The sole question presented for decision is whether the letter from B to X, in which B agreed to make payment jointly to C and X (such arrangement being acceptable to C), was a legal assignment of C's chose in action. No question is presented as to B's obligation as a guarantor or surety for any debt owed by C to X, and all other questions were expressly abandoned by the plaintiff in error.
"Any language, however informal, will be sufficient to constitute a legal assignment, if it shows the intention of the owner of the right to transfer it instantly, so that it will be the property of the transferee. Southern Mutual Life Insurance Co. v. Durdin, 132 Ga. 495 (1) ( 64 S.E. 264, 131 Am. St. Rep. 210). It is further true, however, that `an instrument, other than a draft, purporting to assign a sum of money to be paid out of a fund claimed to be in the hands of another, without describing the identical money intended to be conveyed, will not of itself convey legal title to any part of the fund which in fact may be in the hands of such other person.' W. A. R. Co. v. Union Investment Co., 128 Ga. 74 (1) ( 57 S.E. 100). And measuring it by this rule, we are of the opinion that the writing in question did not operate to convey legal title to the fund in controversy and therefore did not constitute a legal assignment. See also Baer v. English, 84 Ga. 403 (1) ( 11 S.E. 453, 20 Am. St. Rep. 372. Did it amount to an equitable assignment? In the case of Jones v. Glover, 93 Ga. 484 (1) ( 21 S.E. 50), it is said, `In order to infer an equitable assignment, such facts and circumstances must appear, as would not only raise an equity between the assignor and the assignee but show that the parties contemplated an immediate change of ownership with respect to the particular fund in question, not a change of ownership when the fund should be collected or realized, but at the time of the transaction relied upon to constitute the assignment.'" Brown Guano Co. v. Bridges, 34 Ga. App. 652, 655 ( 130 S.E. 695).
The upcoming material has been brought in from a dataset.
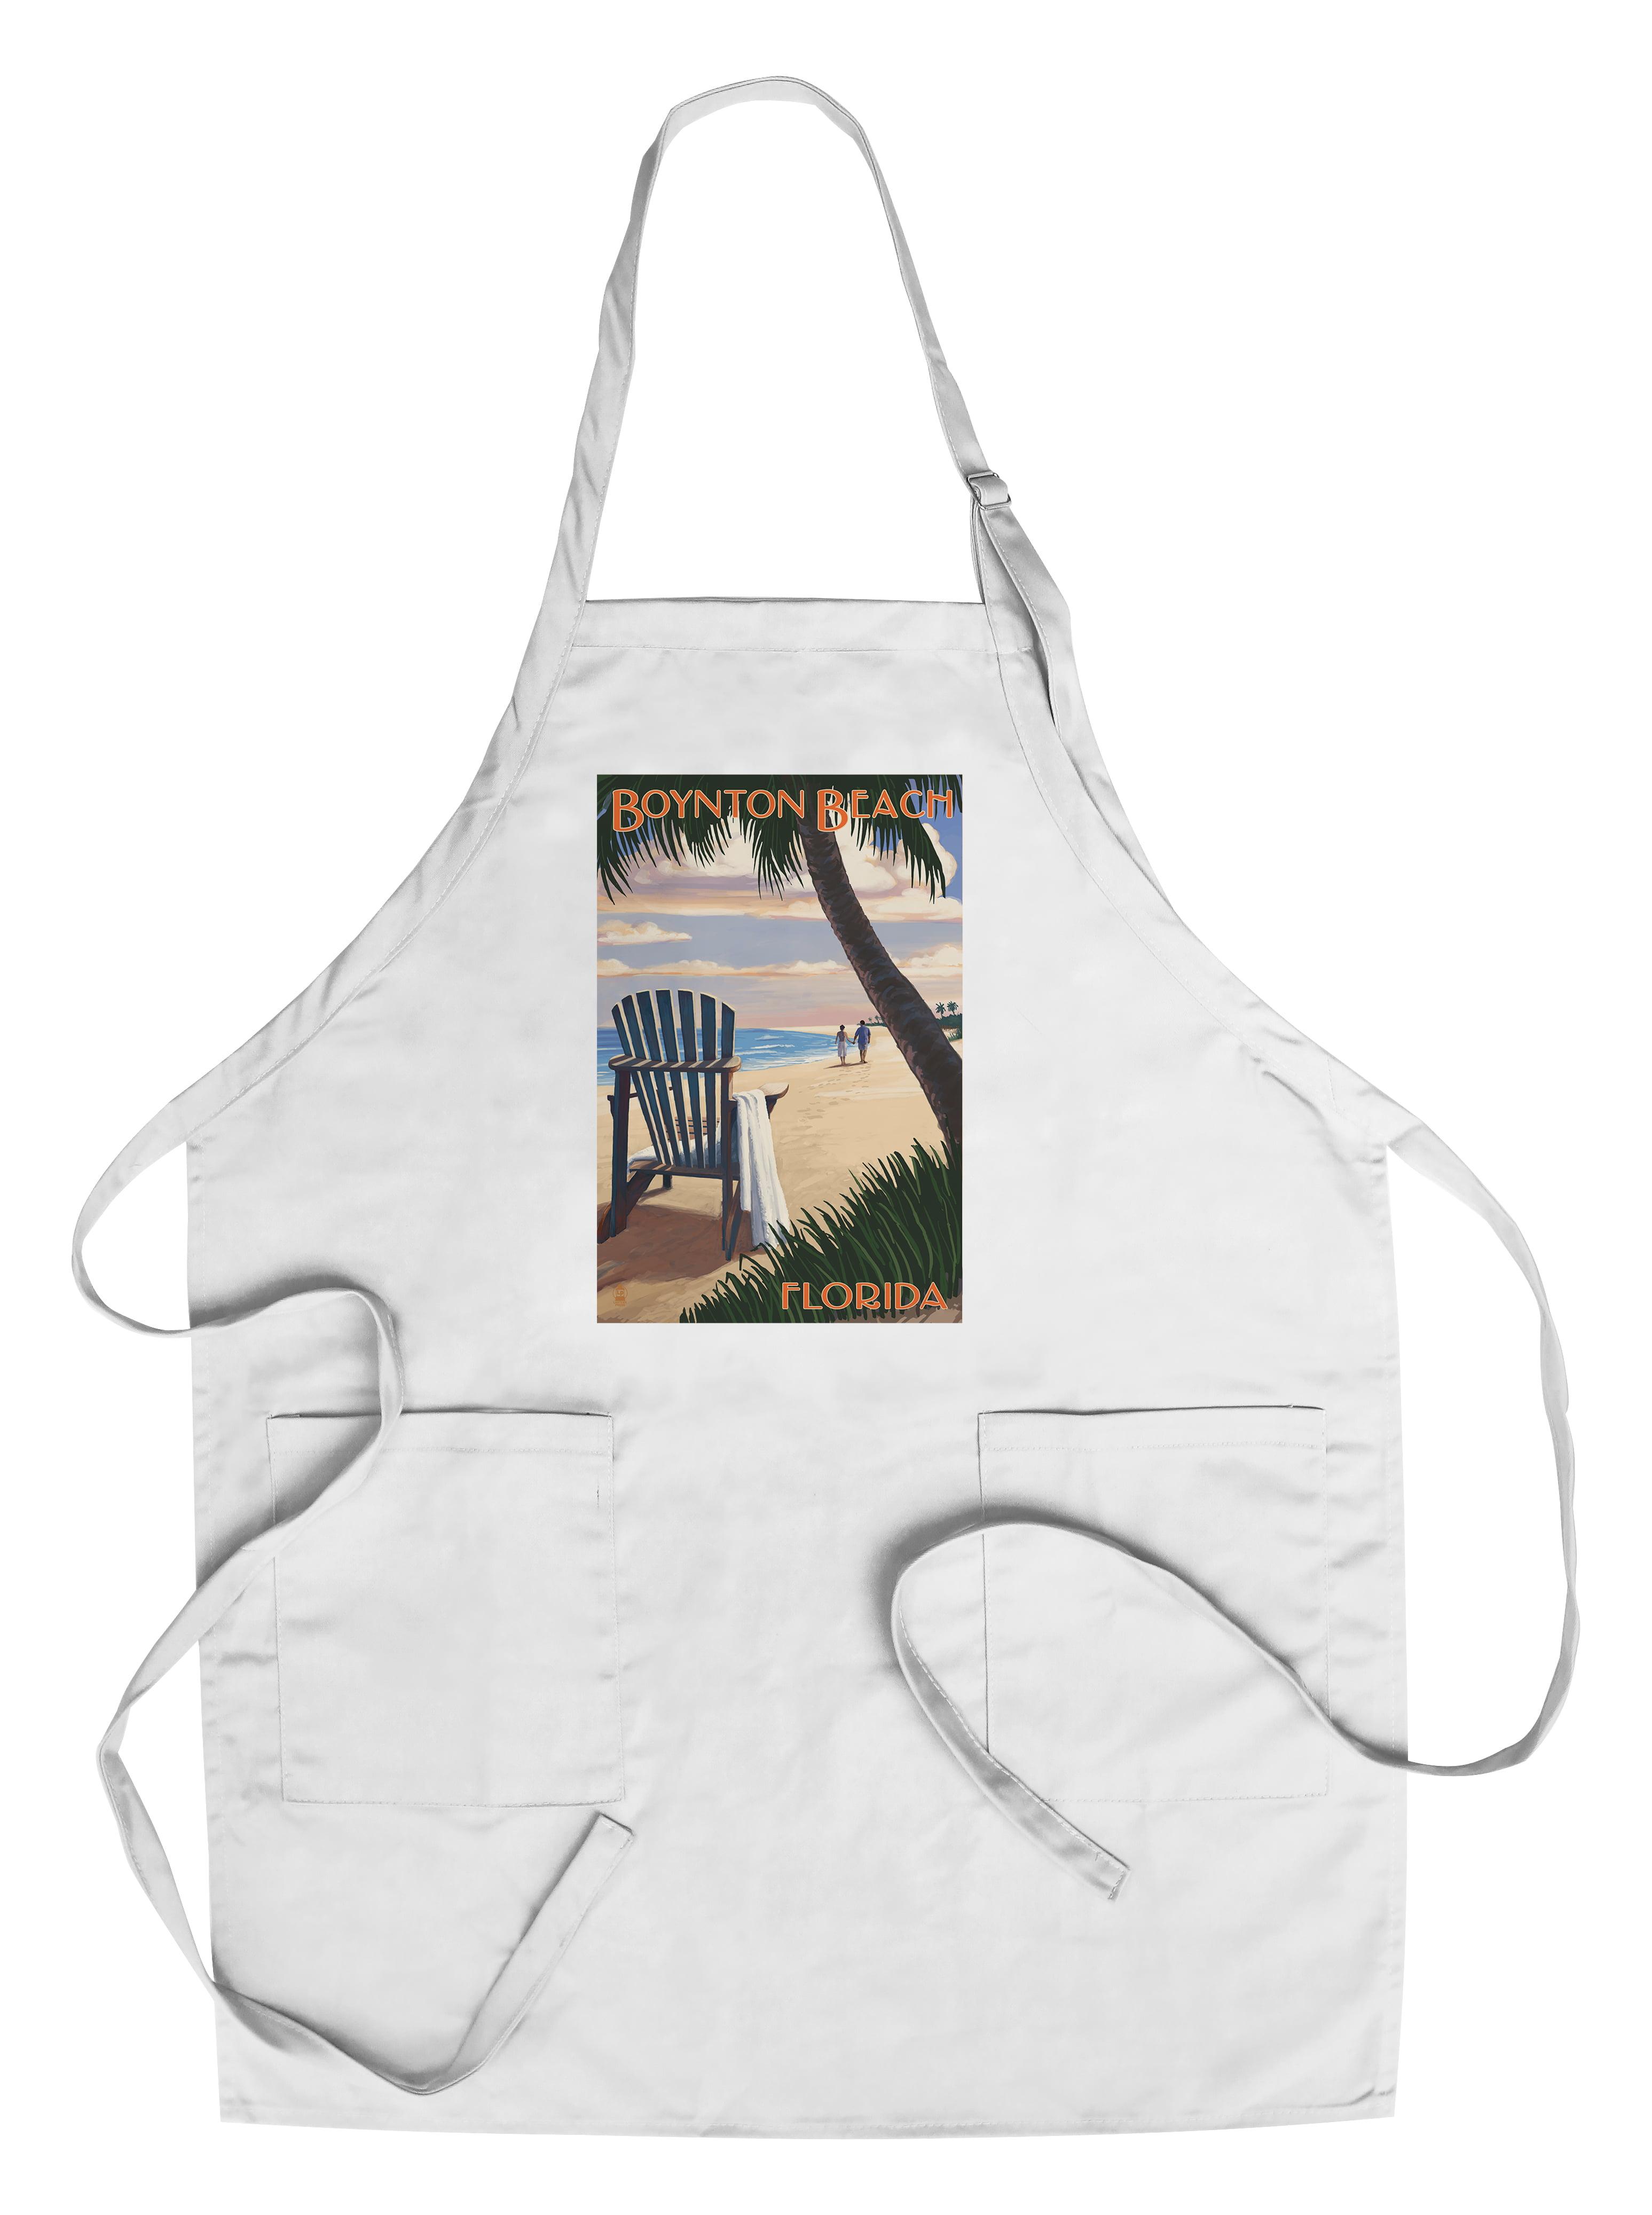 Boynton Beach, Florida Adirondack Chair on the Beach Lantern Press Poster (Cotton Polyester Chef's Apron) by Lantern Press

The purported assignment in the present case did not show an intention to transfer the fund immediately since the payment was to be made jointly to the purported assignor and assignee without any distinction being shown as to their separate interest in such fund, and for such reason the paper could not constitute either an equitable or legal assignment and the judgment of the trial court so holding was not error.
Judgment affirmed. Felton, C. J., and Bell, J., concur.